If you love Italian wine, you can most likely discuss the intricacies of Brunello, Barbaresco, and Bardolino. If you love Italian food, you probably crave Bolognese, Balsamic, and Burrata on a daily basis. But what can you tell us about Barolo Chinato?
Don’t worry – you don’t have to give up your Italophile badge just yet. Barolo Chinato is rare – it’s not exactly easy to find in America, despite it being more widely available than ever these days, thanks to the longevity of the craft cocktail craze and an ever-growing American fondness for all things Italian.
Barolo Chinato is digestive (equally qualified to serve as aperitif) produced in Piedmont, Italy created from a base of Barolo wine. The word “china” (pronounced “key-na”) in Italian refers to “cinchona bark,” known to Americans as quinine.
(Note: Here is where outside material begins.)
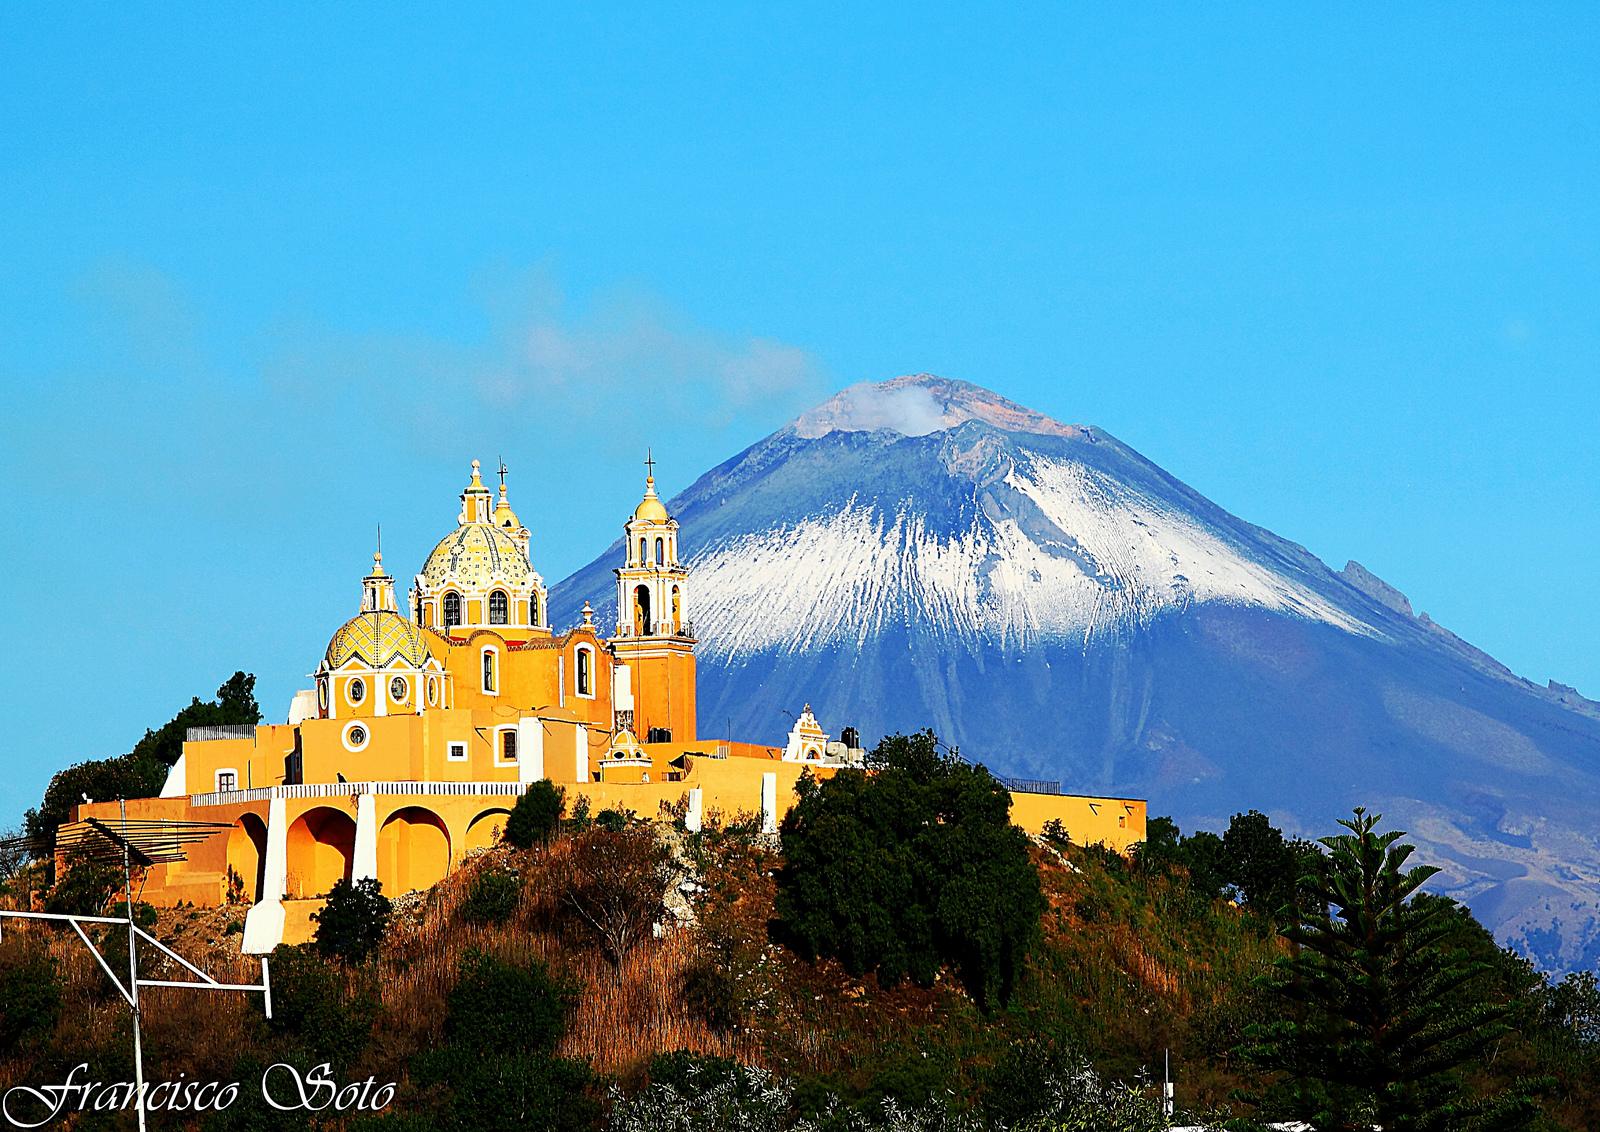 Cholula: El Popocatépetl and the church of La Señora de los Remedios, built on top of the largest pyramid in Mexico*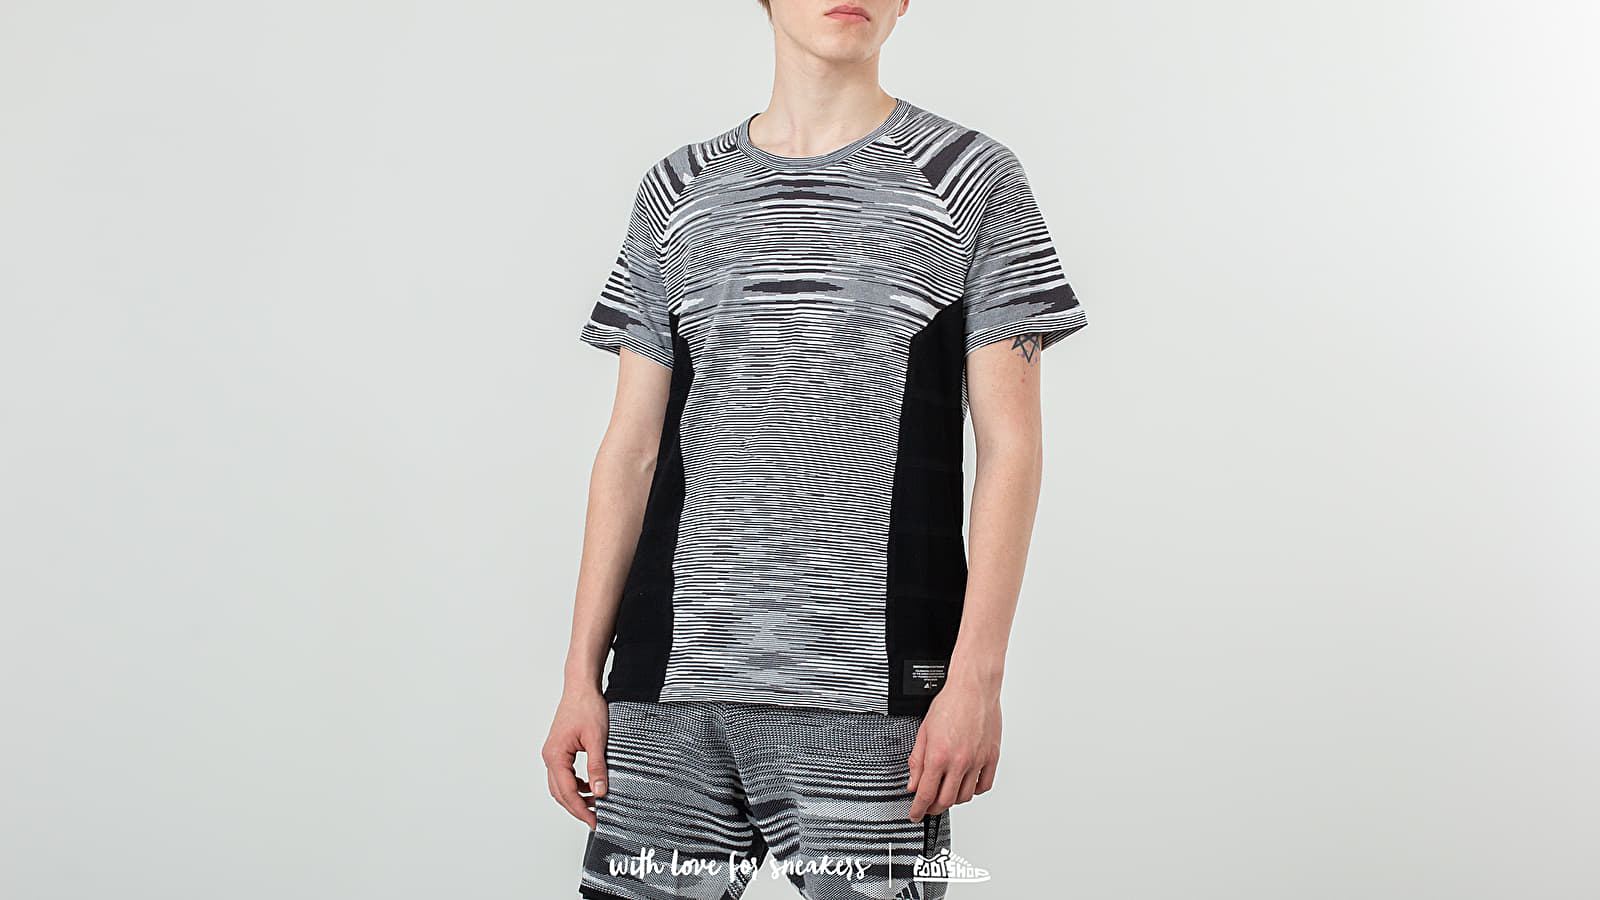 Magliette adidas x Missoni Cru Tee Black/ White/ Dark Grey

This, if we want to stay literal, Barolo Chinato (pronounced “key-not-o”) is Barolo wine that has been infused with quinine bark and other herbs and spices.
Technically, Barolo Chinato is considered a quinquina (an aperitif that contains cinchona bark) as well as an aromatized (flavored) wine. With alcohol levels of 16.5 – 18%, Barolo Chinato may also be considered a fortified wine, as some of the flavorings may be added in the form of extracts produced using alcohol.
While the actual recipe of Chinato varies by producer and is a closely guarded secret, the flavorings are rumored to include sugar, rhubarb root, cinnamon, mint, vanilla, star anise, citrus peel, fennel, juniper, gentian root, and cardamom in addition to quinine. Don’t forget that all those layers of flavors are added to a base wine of Barolo – undisputedly one of Italy’s most complex wines to begin with. This is a smooth, spicy, flavorful sip with a hit of bitterness on the end – enough to wake up any appetite, or help smooth out an over-indulged one.
Barolo Chinato was first produced in the area around the city of Turin sometime in the 19th century. By this time, companies like Martini & Rossi and Cinzano were already producing Vermouth and other aperitifs in the region.
A Tuscan pastry chef named Giulio Cocchi is often cited as the inventor of Barolo Chinato. After moving to Asti, he was inspired by the region’s vermouth industry and founded his winery in 1891. Soon after, he invented a formula for Barolo Chinato. Dr. Giuseppe Cappellano is also believed by many to the Barolo Chinato’s creator. Dr. Cappellano was a pharmacist in Turin and the second son of the owner of the Cappellano Winery, which was founded in 1890.
Luckily, both companies are still around, and Barolo Chinato from both the Cappellano and Cocchi wineries are available in the United States. We may never decide who was first, you can decide for yourself who you think is best.
While the debate rages on, there are a few things that fans of Barolo Chinato can agree on: Barolo Chinato can help calm down a rumbly tummy after a hearty meal; it be used like an Amaro or Vermouth in a creative cocktail recipe, and it pairs very well with chocolate cake.